▸ Exercise details:
Print the records below word for word, but leave out the pictures.

━━━ Source information ━━━

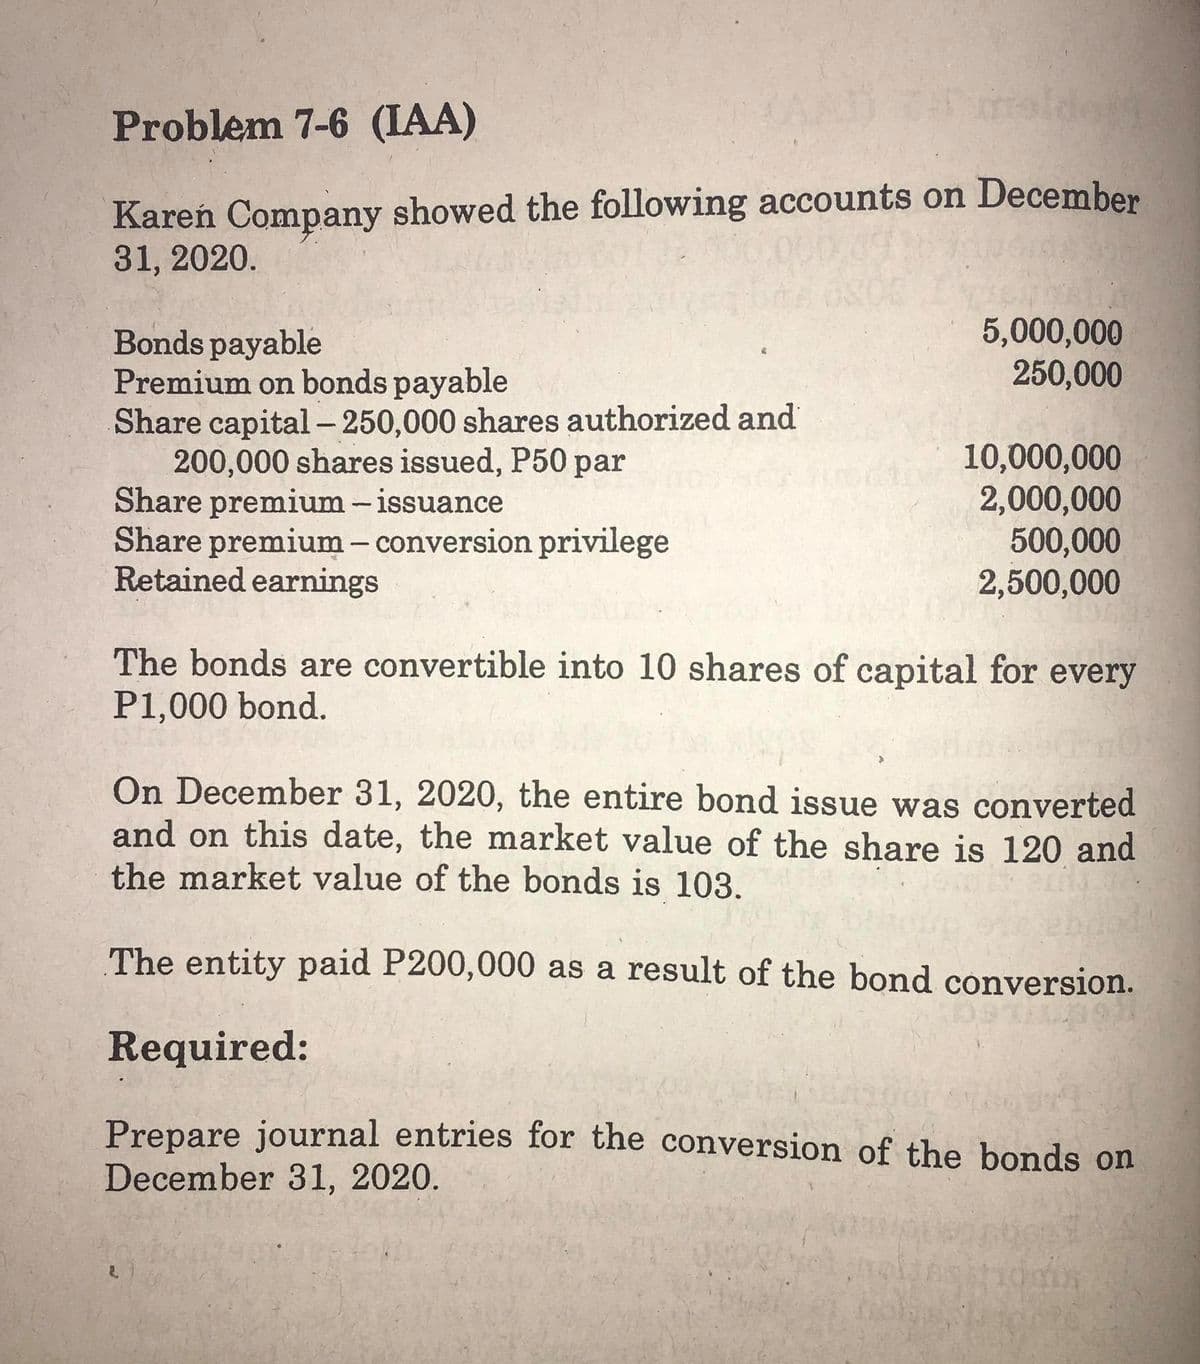 Problem 7-6 (IAA)
Kareń Company showed the following accounts on December
31, 2020.
5,000,000
250,000
Bonds payable
Premium on bonds payable
Share capital – 250,000 shares authorized and
200,000 shares issued, P50 par
Share premium -issuance
Share premium - conversion privilege
Retained earnings
10,000,000
2,000,000
500,000
2,500,000
The bonds are convertible into 10 shares of capital for every
P1,000 bond.
On December 31, 2020, the entire bond issue was converted
and on this date, the market value of the share is 120 and
the market value of the bonds is 103.
The entity paid P200,000 as a result of the bond conversion.
Required:
Prepare journal entries for the conversion of the bonds on
December 31, 2020.
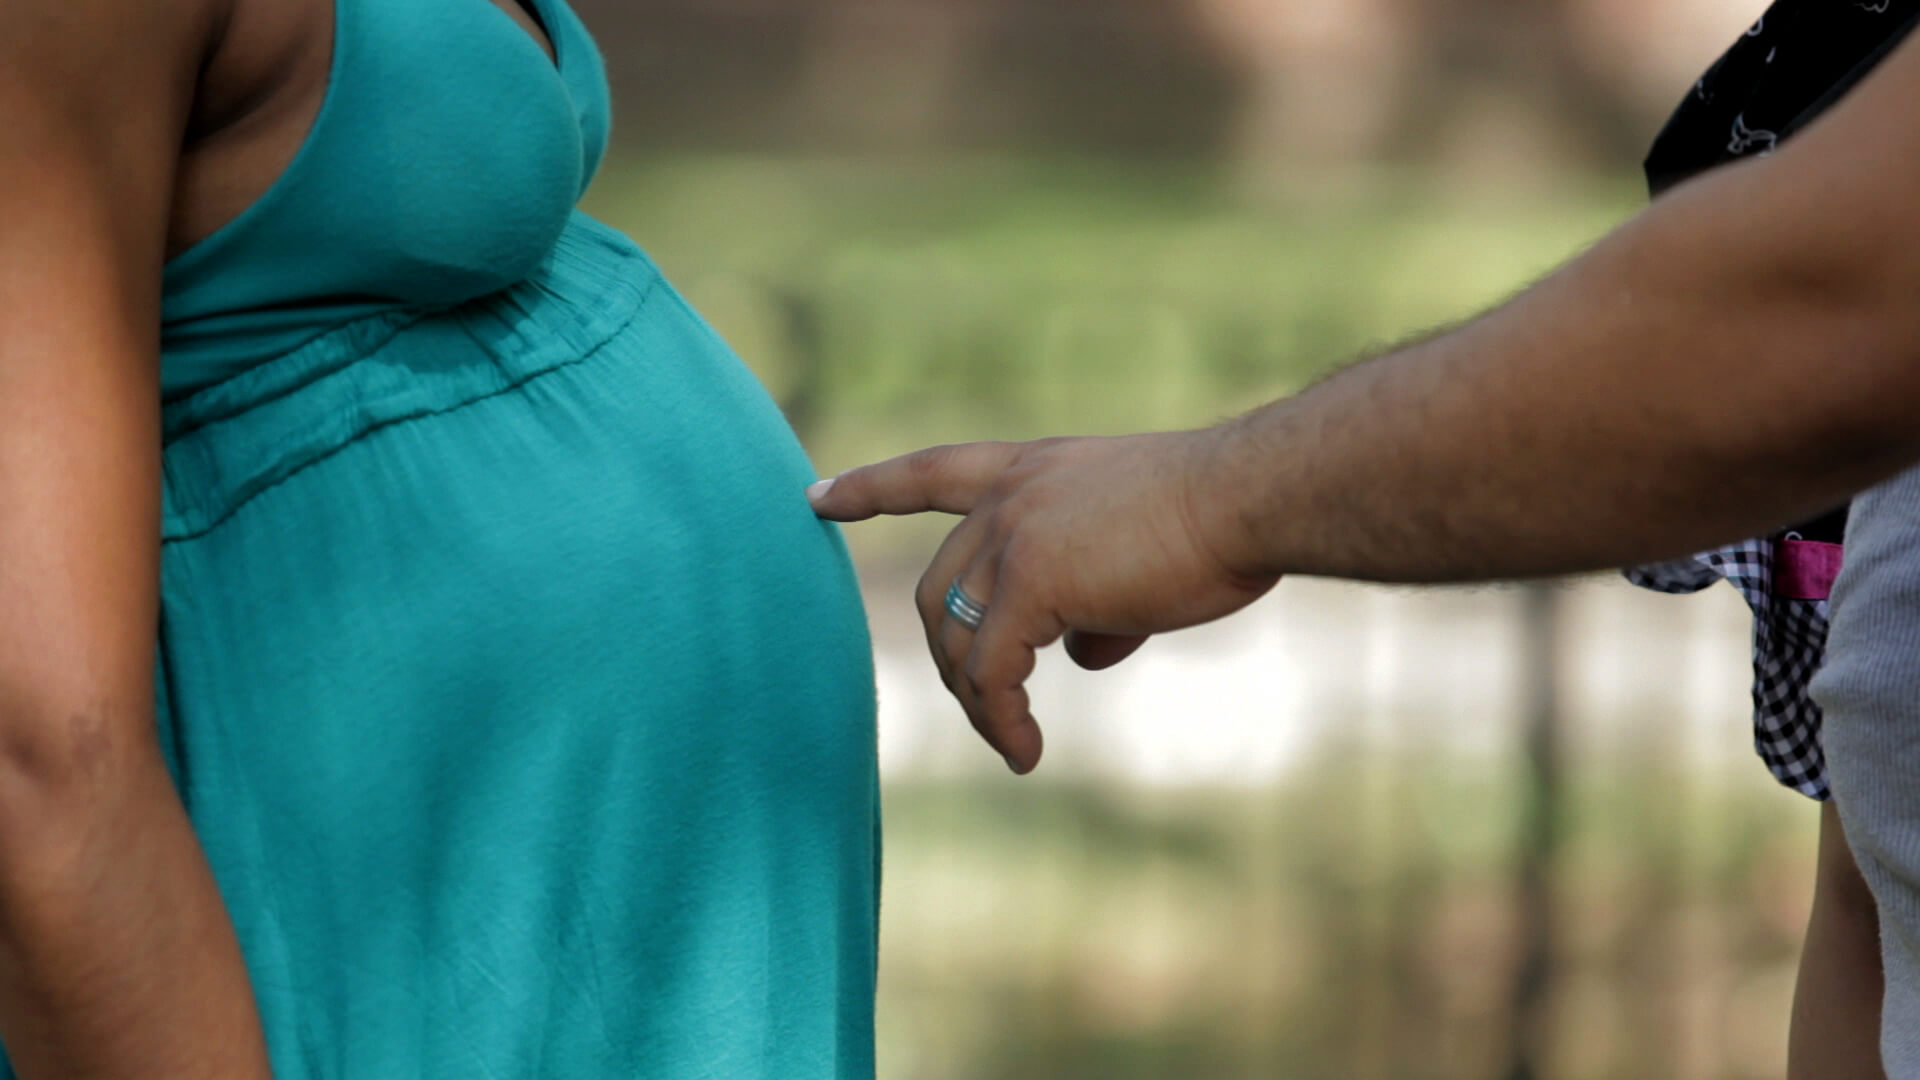 Still from Tough Love. Close-up of a hand pointing at a pregnant belly.

━━━

▸ Output of the task:
 Problem 7-6 (IAA)
Kareń Company showed the following accounts on December
31, 2020.
5,000,000
250,000
Bonds payable
Premium on bonds payable
Share capital – 250,000 shares authorized and
200,000 shares issued, P50 par
Share premium -issuance
Share premium - conversion privilege
Retained earnings
10,000,000
2,000,000
500,000
2,500,000
The bonds are convertible into 10 shares of capital for every
P1,000 bond.
On December 31, 2020, the entire bond issue was converted
and on this date, the market value of the share is 120 and
the market value of the bonds is 103.
The entity paid P200,000 as a result of the bond conversion.
Required:
Prepare journal entries for the conversion of the bonds on
December 31, 2020.
 Still from Tough Love. Close-up of a hand pointing at a pregnant belly.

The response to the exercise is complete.